Yes, and that's exactly the can of worms you don't want to get into.
What happens when one of your comment/user/post instances outgrows its host? You have to split it further. Either logically again (users A-L on host1, M-Z on host2) or anonymously (even users on host1, odd users on host2).
Since nobody wants to constantly think about their data-layout the latter variant is definitely preferable.
MongoDB has a leg up here by providing a beta of anonymous, maintenance-free sharding already.

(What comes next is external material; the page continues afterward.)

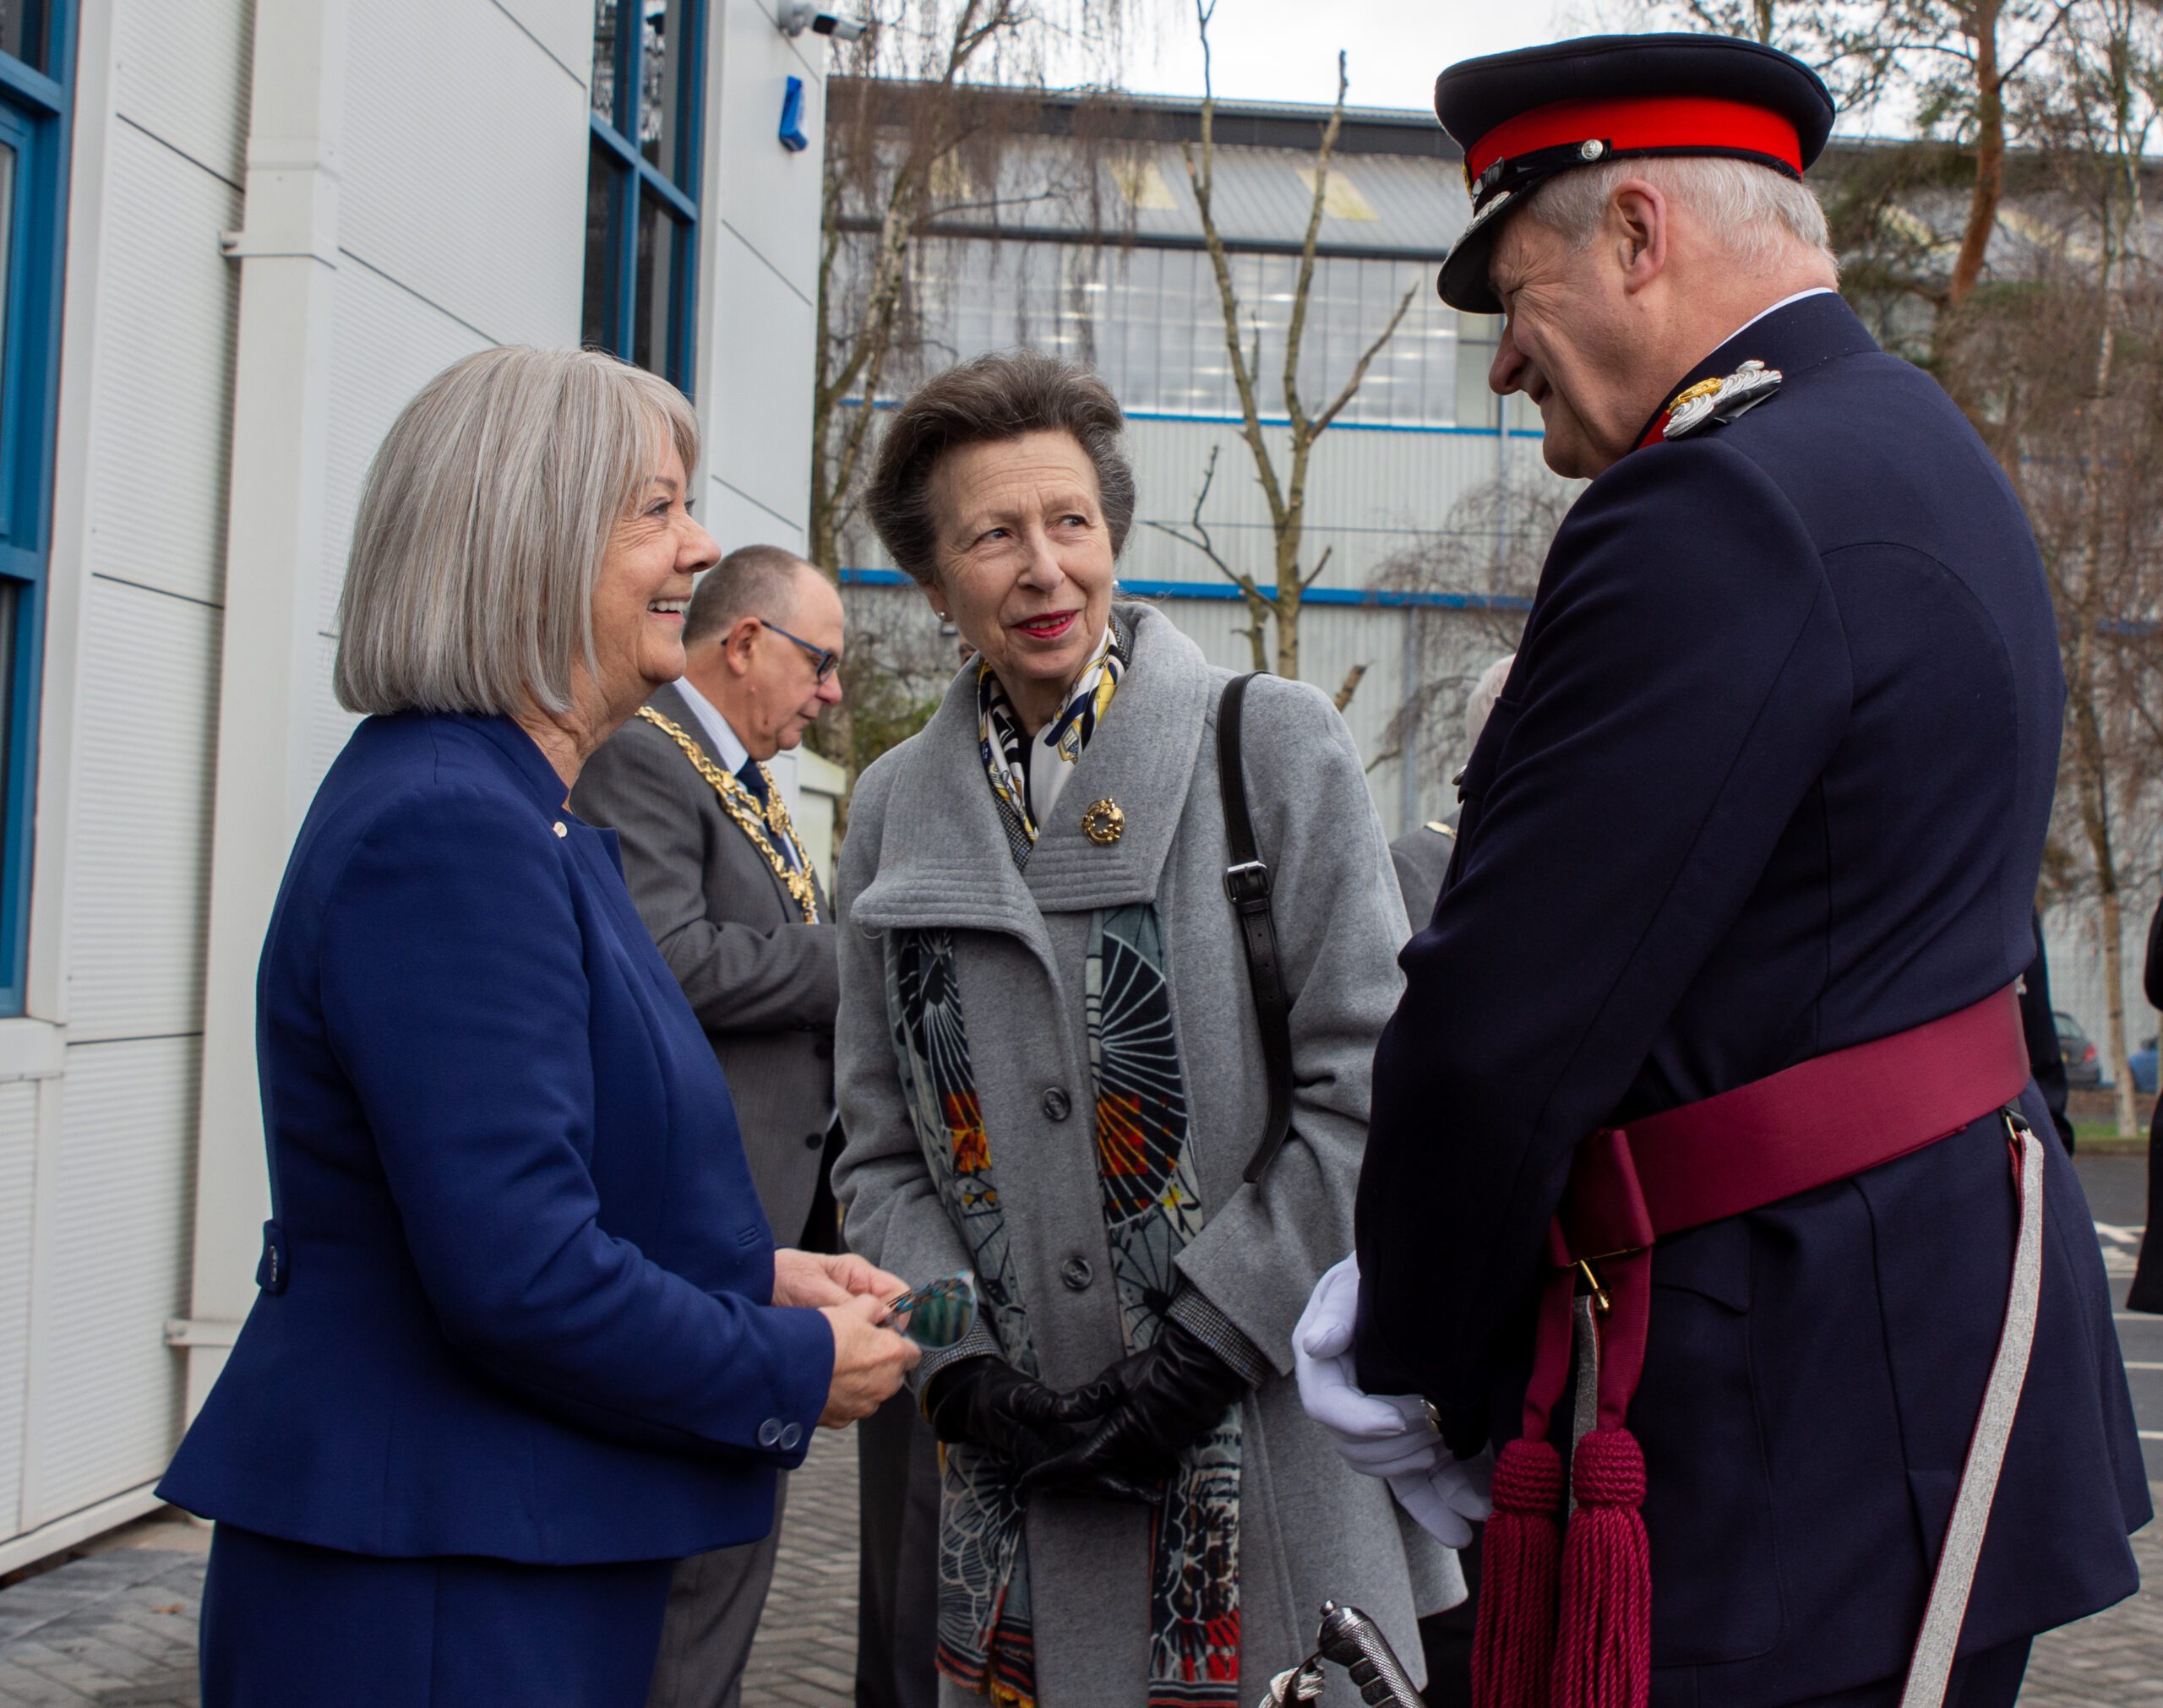 The Princess Royal visited Vision Labs in Kidderminster

This will only work well if data access pattern is biased btw. And the virtual memory will not remove completely the dataset size limitation. For instance if you have 2 GB of RAM it will make sense to setup VM to have up to 32 GB of data for instance, given a biased enough access pattern, but it's not like it will work well with 1 TB of data.
That sounds bad. Very bad. Not for the people who are happy with redis today, but for those who are not touching it because of that constraint.
There are solutions to distribute among different servers that are not hard to implement and maintain.
Okay, I'll bite. Where is the turnkey solution that distributes my data over n redis-instances with automatic failover, automatic rebalancing after adding/removing an instance, n-copies for redundancy, reliable failure modes when an instance outgrows the available memory?
I would say without at least some of these features a redis-cluster could become a nightmare to maintain in the long run.
I would say without at least some of these features a redis-cluster could become a nightmare to maintain in the long run.
Indeed, this is very helpful, and it's exactly what redis-cluster will do. You talk to Redis-cluster, and it will talk to other N redis instances, handling faults, adding or removing nodes, and so forth.
It's like "mongos" process basically.
But the roadmap is to implement virtual memory first and redis-cluster later, as I think that virutal memory is a more promptly available solution to start, and works with applications designed to run into a singel Redis server (think to SORT BY and so o, sets intersections and so forth).
It's something like two release away. The next release will implement the Hash type, needed for virtual memory so that applications can be designed to put data that is accessed with similar patterns in the same hash.
HGET, HSET, HEXISTS, and HDEL are all I will need to implement genhash on top of Redis. Perfect.
Tonight we're rolling out yet another Redis application; as a backend "session-database" for a server farm. It's only 2-3 slower than shared memory, and just about the same speed as message passing.
Oh, now I understand, if I give you this basic api you can implement genhash! Ok got it.
Very happy to read you are rolling out Redis servers, it is cool to see such a great community feedbacks after just 9 months of the first line of code written :)
actually a lot of people overestimate the amount of their data. Btw there are a few solutions:
* given that RAM is cheap, use a Linux box with 32 or 64 GB of RAM. After all with the performances of Redis you need a single box when with other solutions more than one server is needed. It's hard to saturate 150,000 write or read per second even with a lot of users.
* to split data across different servers (using application-level partitioning or consistent hashing).
* to wait for Redis VM implementation (virtual memory).
Basically there is the plan to implement something like Operating Systems already do with memory pages. More information (and why we can't just let the OS do the work for us) in the Redis FAQ at http://code.google.com/p/redis/wiki/FAQ
Search for "Do you plan to implement Virtual Memory in Redis? Why don't just let the Operating System handle it for you?".